Verify that the kube-proxy Pod works
To check whether the kube-proxy Pod has access to API servers for your cluster, check your logs for timeout errors to the control plane. Also, check for 403 unauthorized errors.
To get the kube-proxy logs, run the following command:
kubectl logs -n kube-system --selector 'k8s-app=kube-proxy'
Note: The kube-proxy gets the endpoints from the control plane and creates the iptables rules on each node.
Check the CoreDNS Pod CPU usage at the time of the issue
The Amazon EKS CoreDNS add-on adds only the 170 MiB quota to the CoreDNS Pod's memory. The CoreDNS Pod doesn't define a CPU quota, so the container can use all the available CPU resources on the node where it runs. If the node's CPU utilization is at 100%, then you might get DNS timeout errors in your Amazon EKS application logs. This is because the CoreDNS pod doesn't have enough CPU resources to manage all DNS queries.

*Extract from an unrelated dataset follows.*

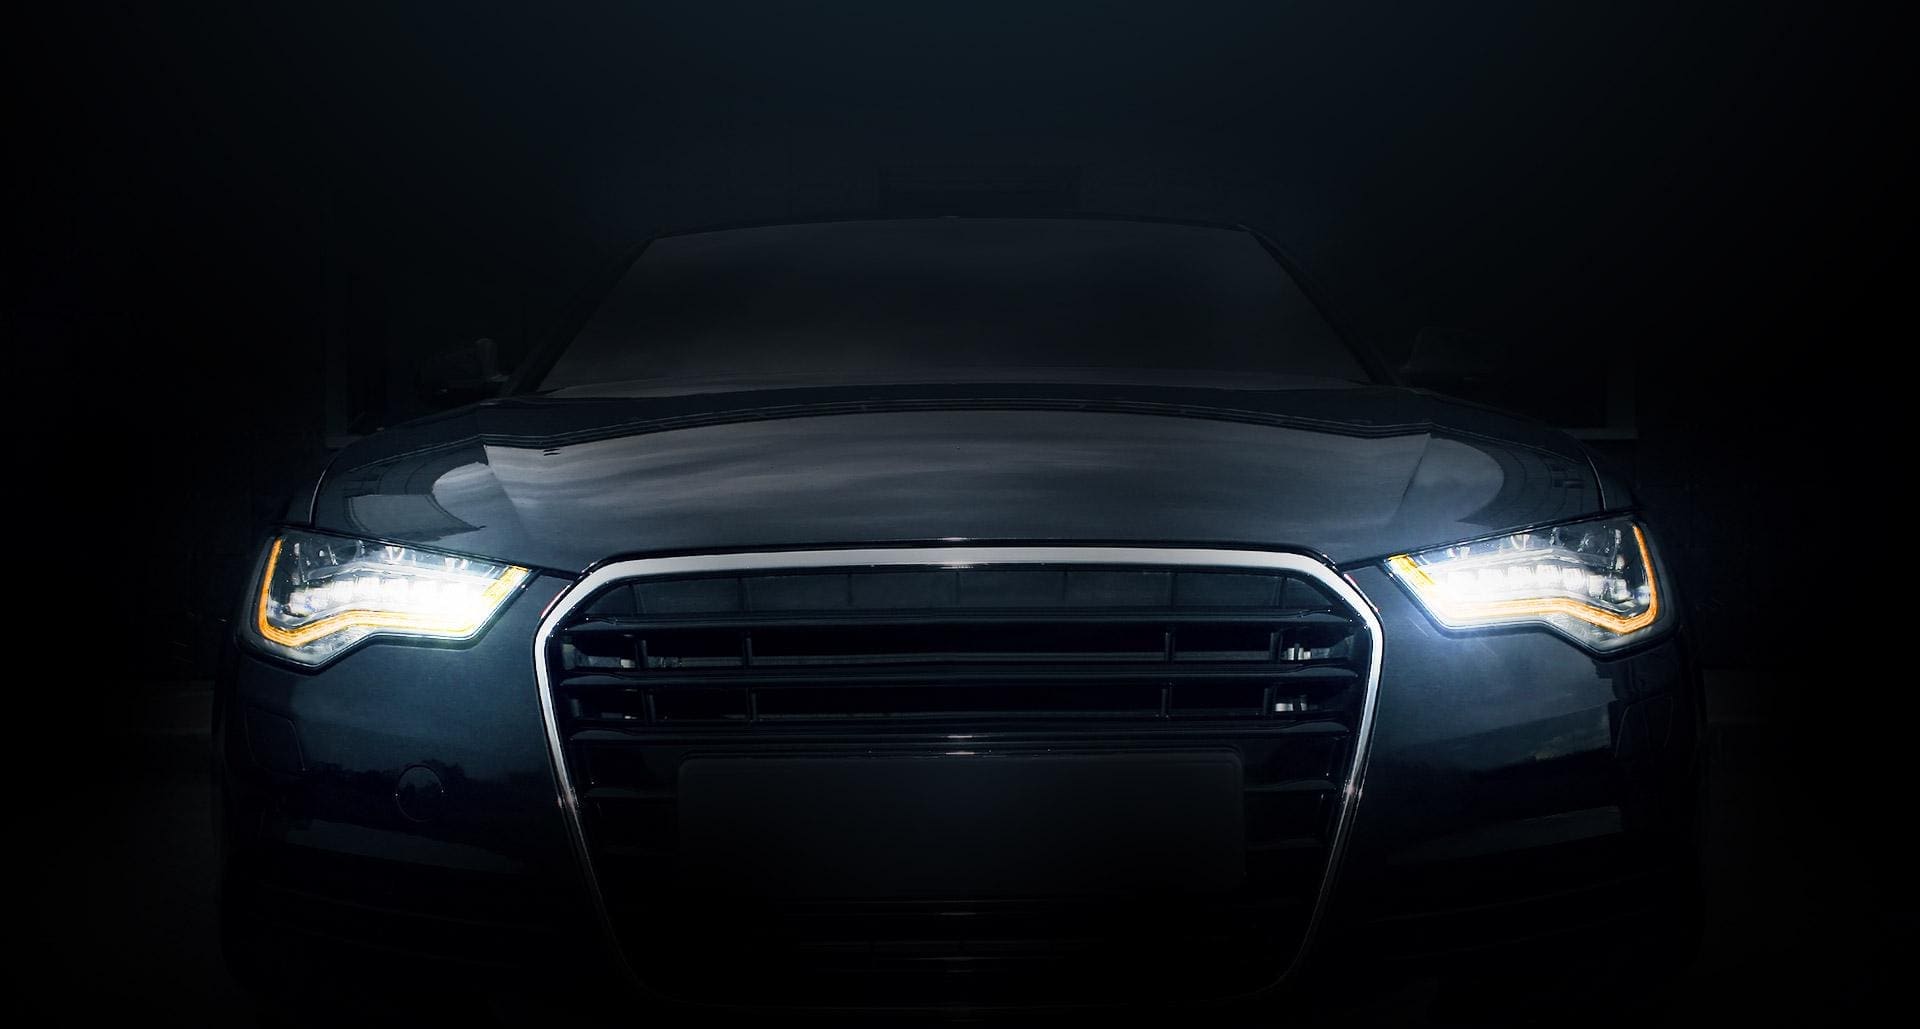 Samochód stojący w ciemności z włączonymi światłami
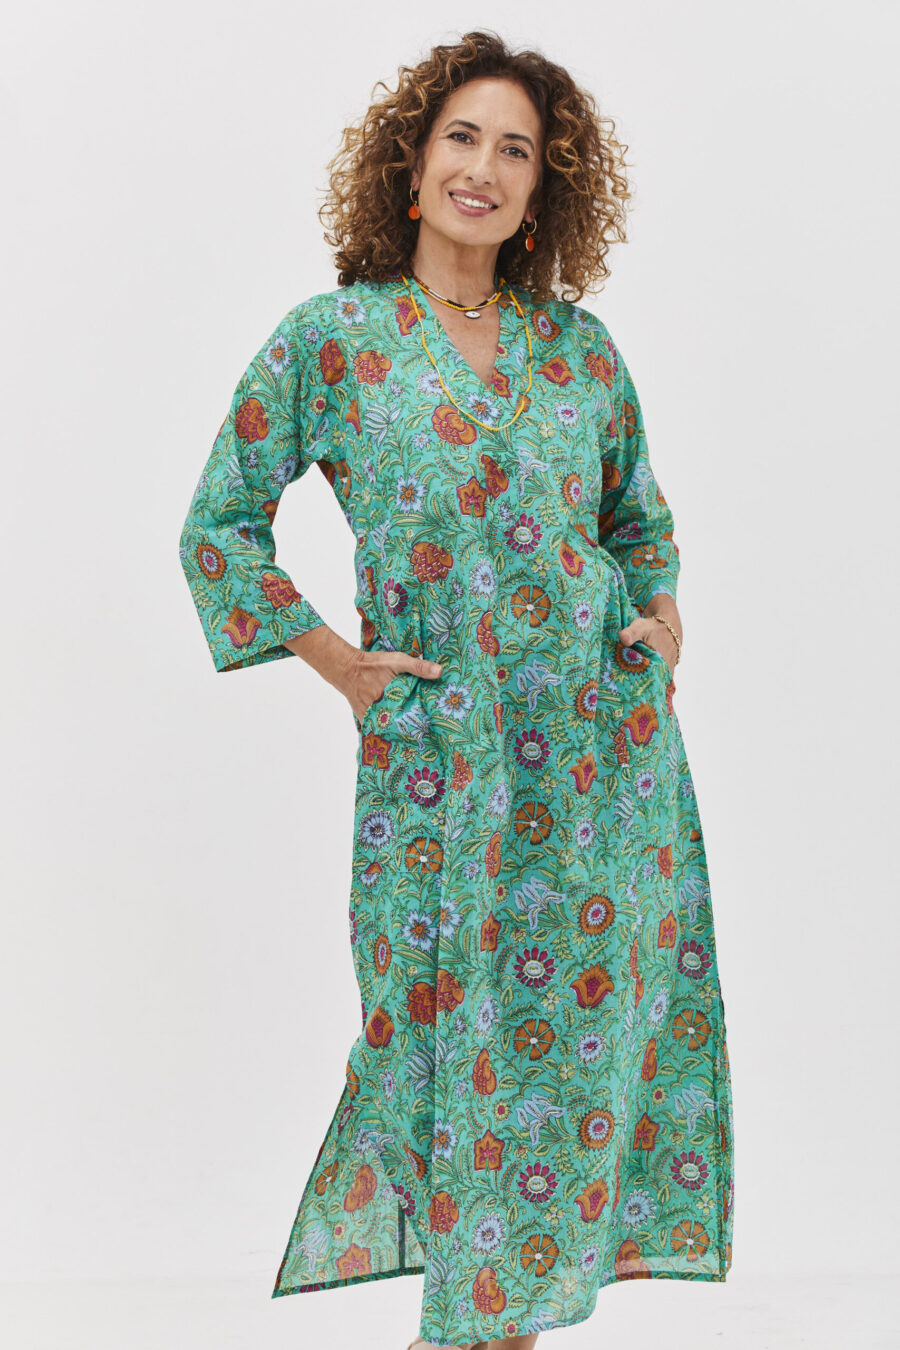 גלביה לנשים | גלבייה בעיצוב ייחודי – פרינט סימפוני, שמלה בצבע טורקיז ירקרק עם הדפס פרחוני צבעוני.

To check the current CPU and memory usage of the CoreDNS Pods, run the following command:
kubectl top pods -n kube-system -l k8s-app=kube-dns
To check the current CPU and memory usage of the Amazon EKS cluster nodes, run the following command:
kubectl top nodes
Connect to the application Pod to troubleshoot the DNS issue
Complete the following steps:
-
To run commands inside your application Pods, run the following command:
kubectl exec -it your-pod-name -- shNote: Replace your-pod-name with your Pod name.
The preceding command allows you to access a shell inside the running Pod. If the application pod doesn't have an available shell binary, then you receive an error similar to the following example:
"OCI runtime exec failed: exec failed: container_linux.go:348: starting container process caused "exec: \"sh\": executable file not found in $PATH": unknown command terminated with exit code 126"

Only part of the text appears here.